Dataset extract Block Start

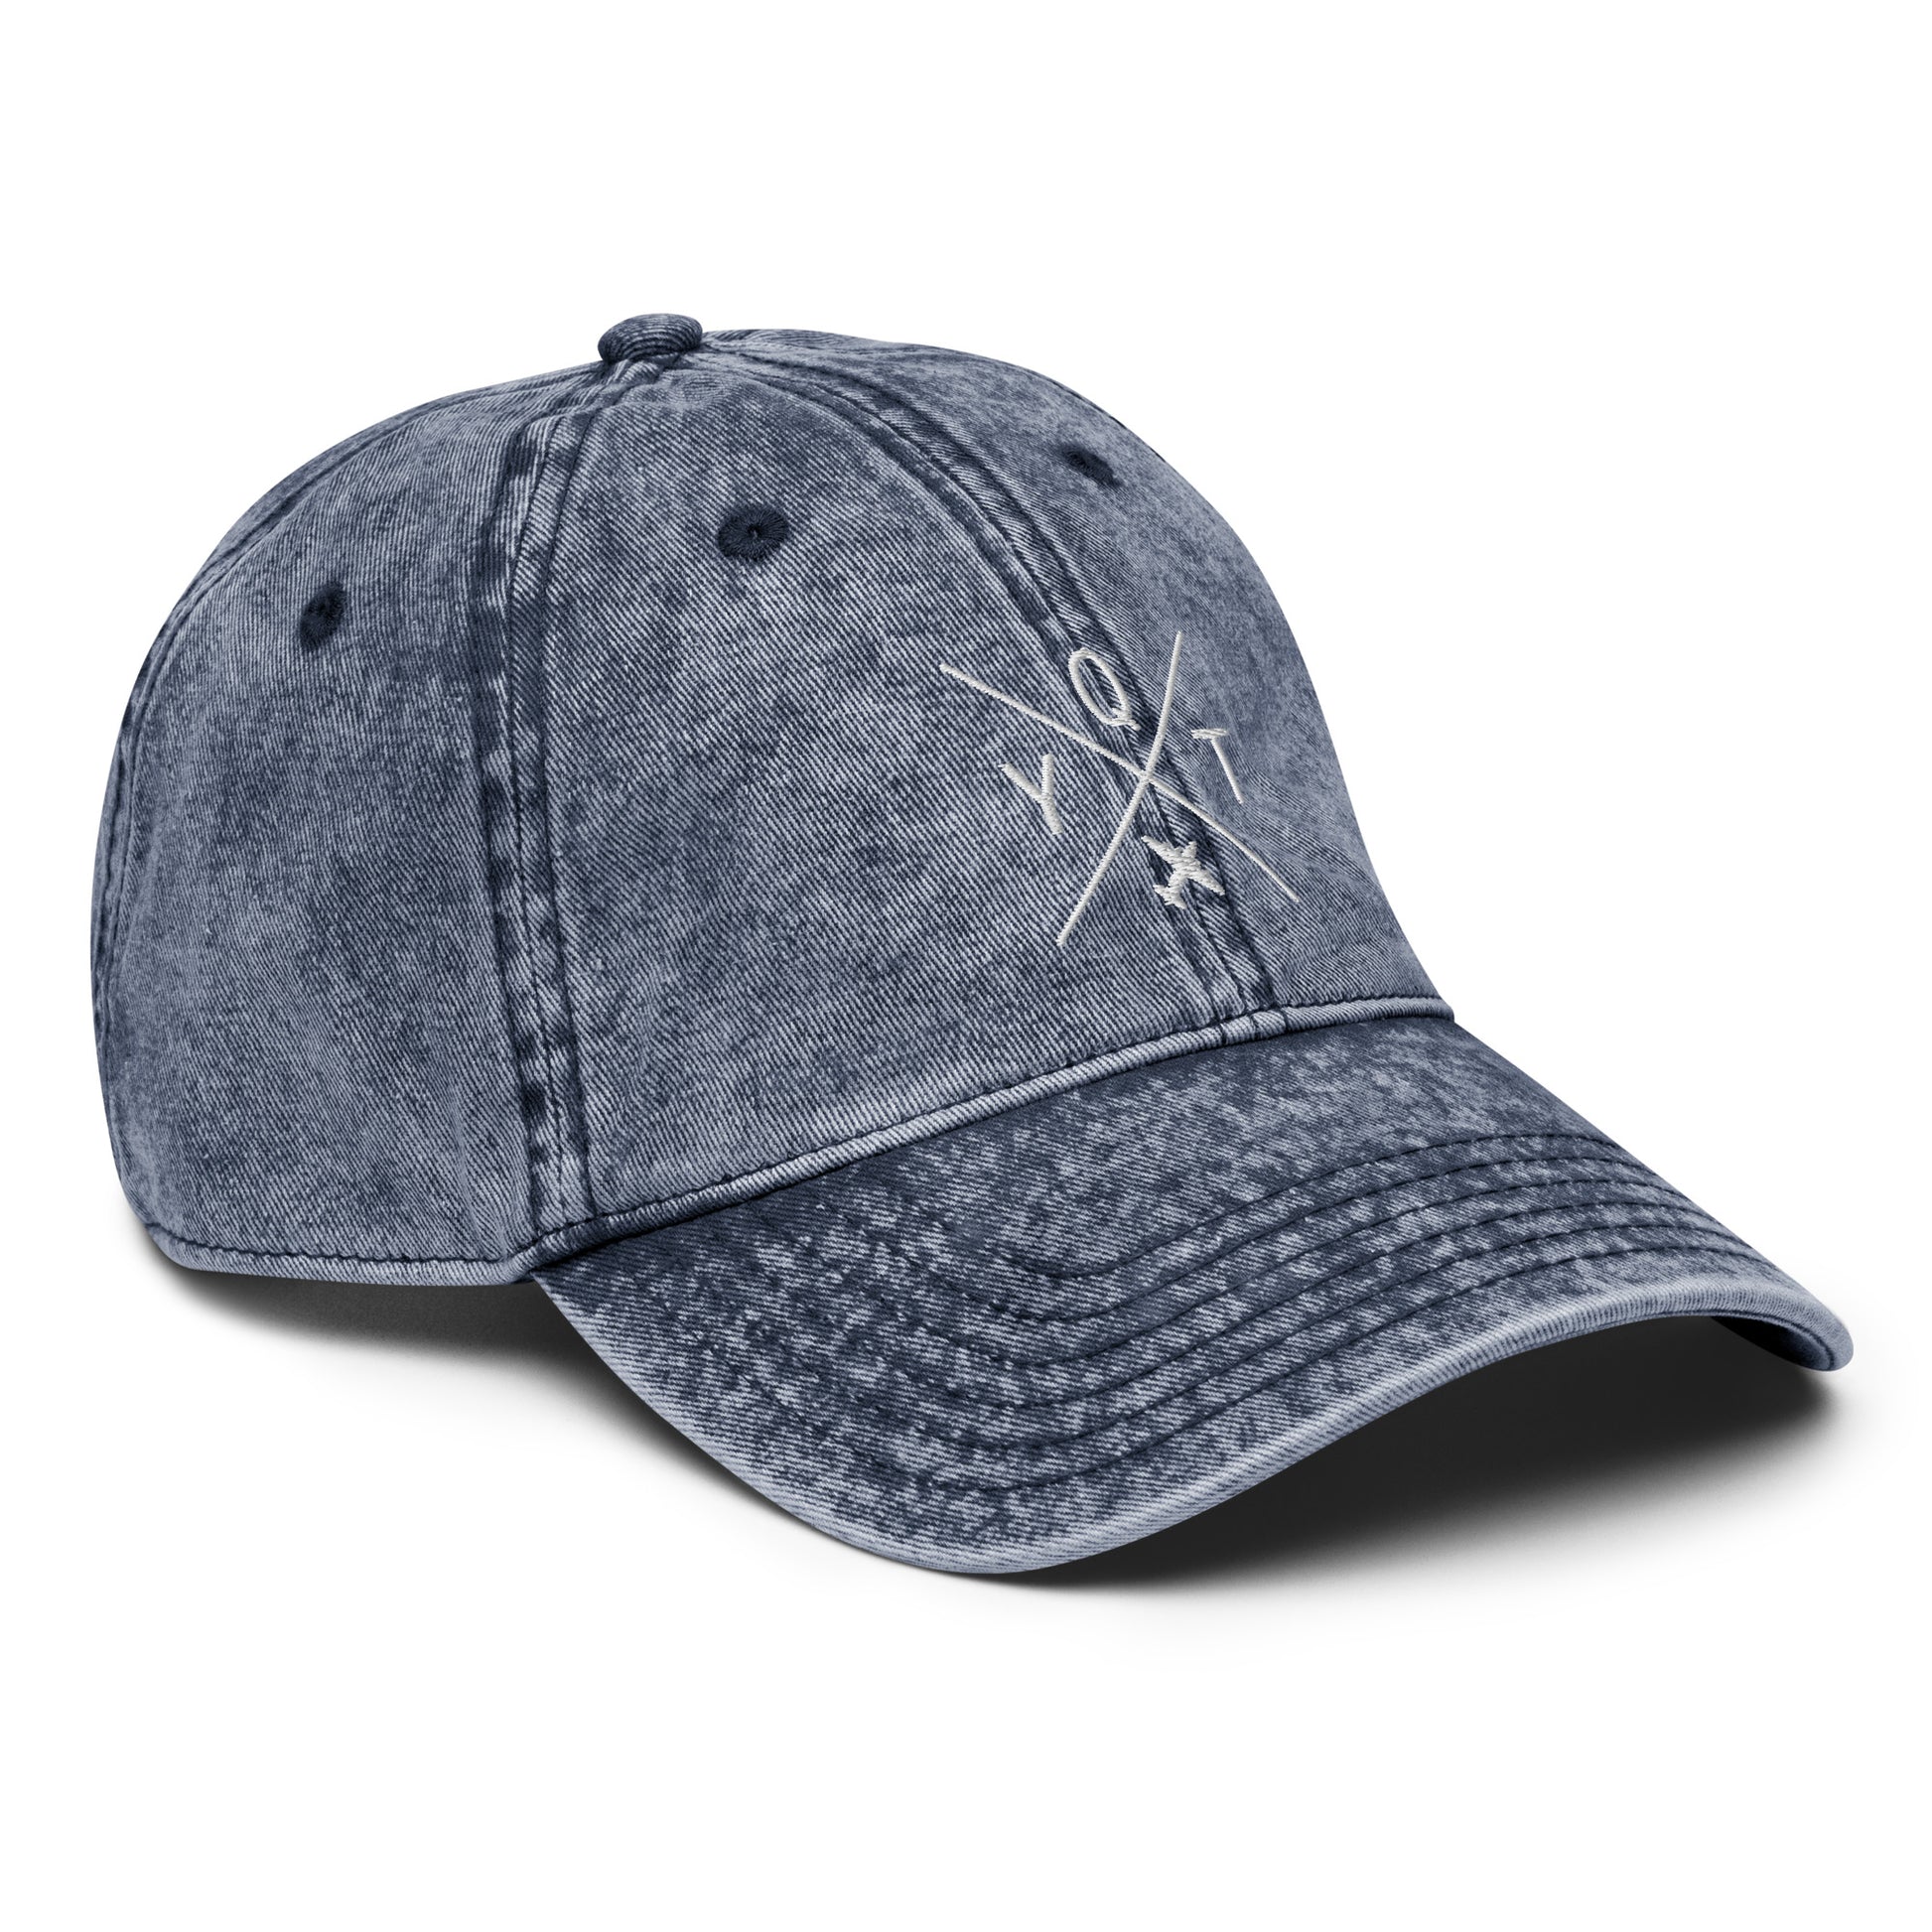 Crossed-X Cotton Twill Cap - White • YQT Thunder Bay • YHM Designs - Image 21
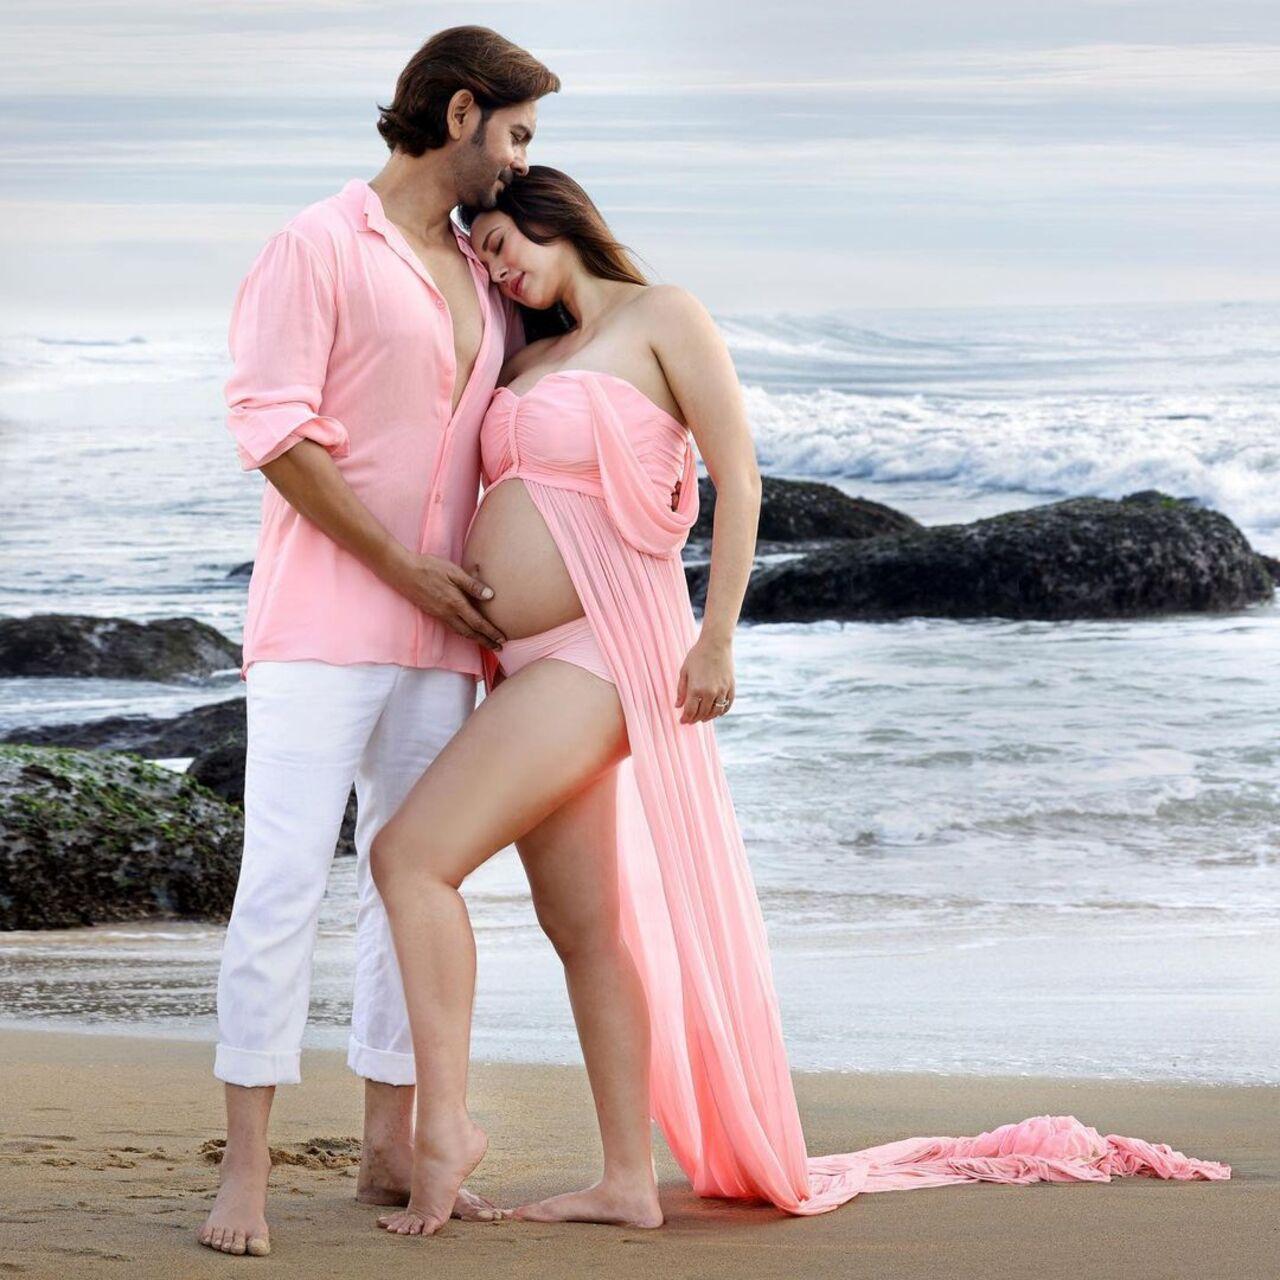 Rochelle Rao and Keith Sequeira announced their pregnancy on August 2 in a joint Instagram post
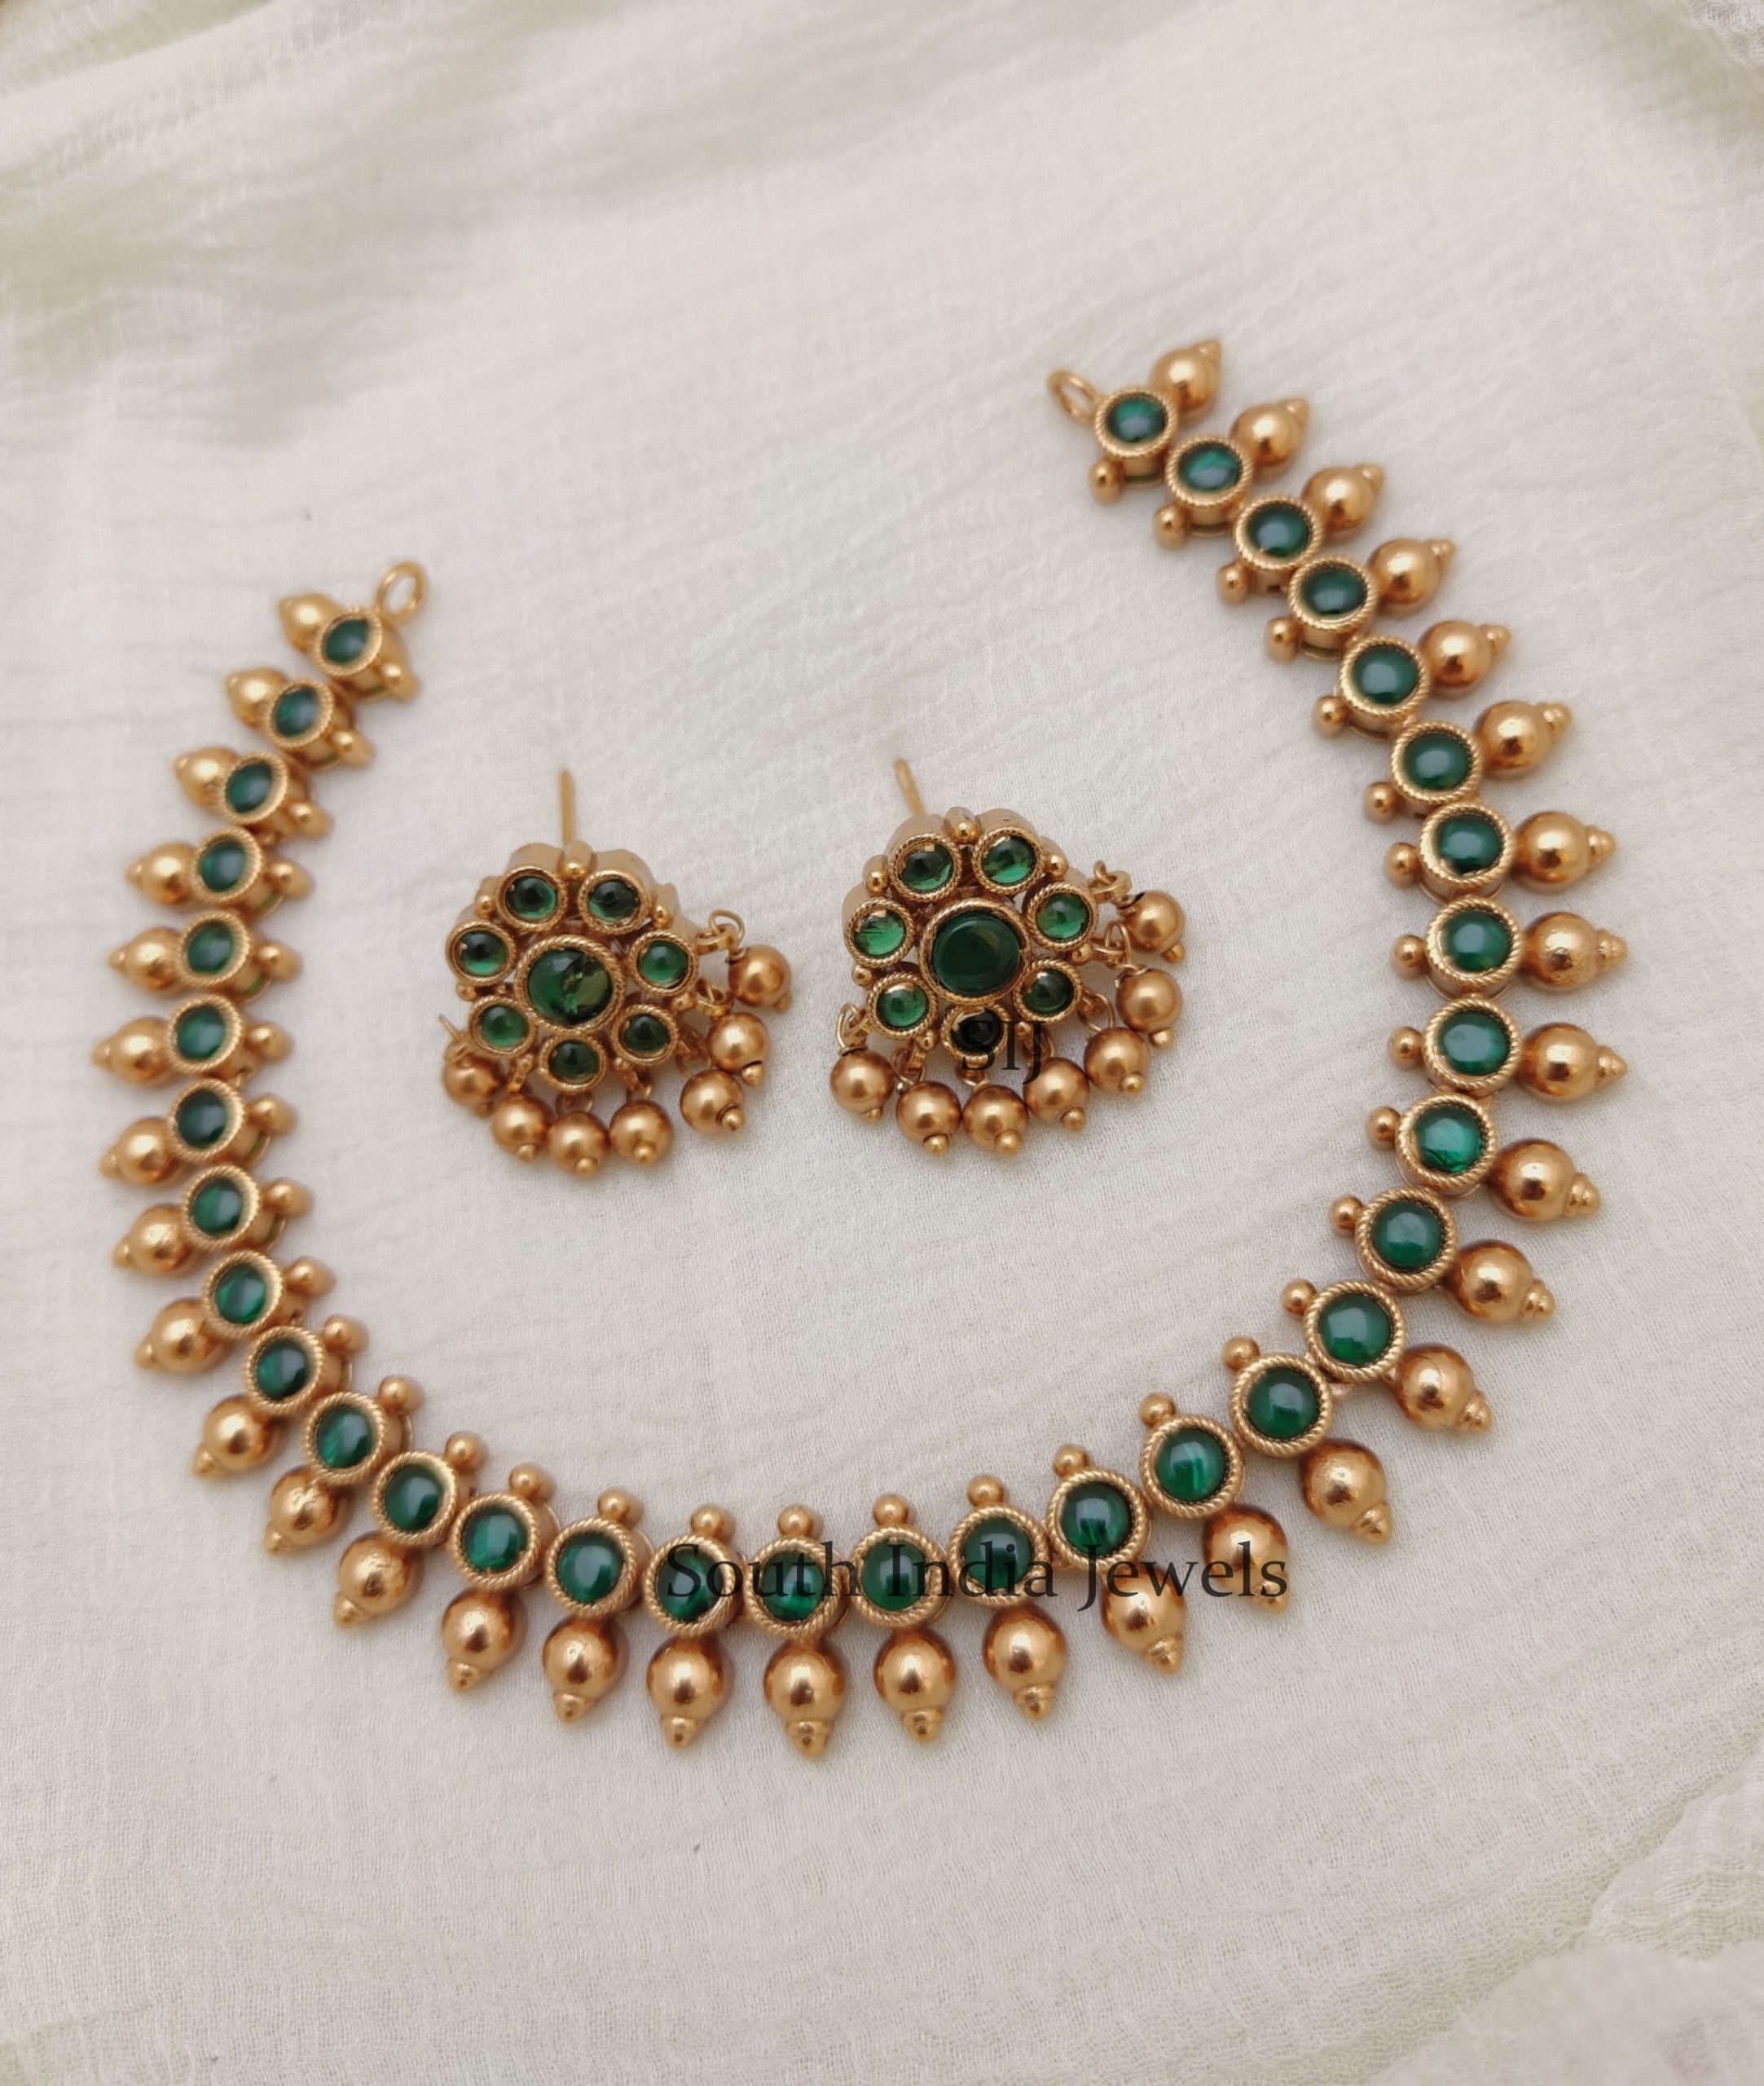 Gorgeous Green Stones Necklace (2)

Dataset extract Block End

• Activity
When you write out the material again, keep every word exact and omit the pictures.

• Answer space
 Crossed-X Cotton Twill Cap - White • YQT Thunder Bay • YHM Designs - Image 21
 Rochelle Rao and Keith Sequeira announced their pregnancy on August 2 in a joint Instagram post
 Gorgeous Green Stones Necklace (2)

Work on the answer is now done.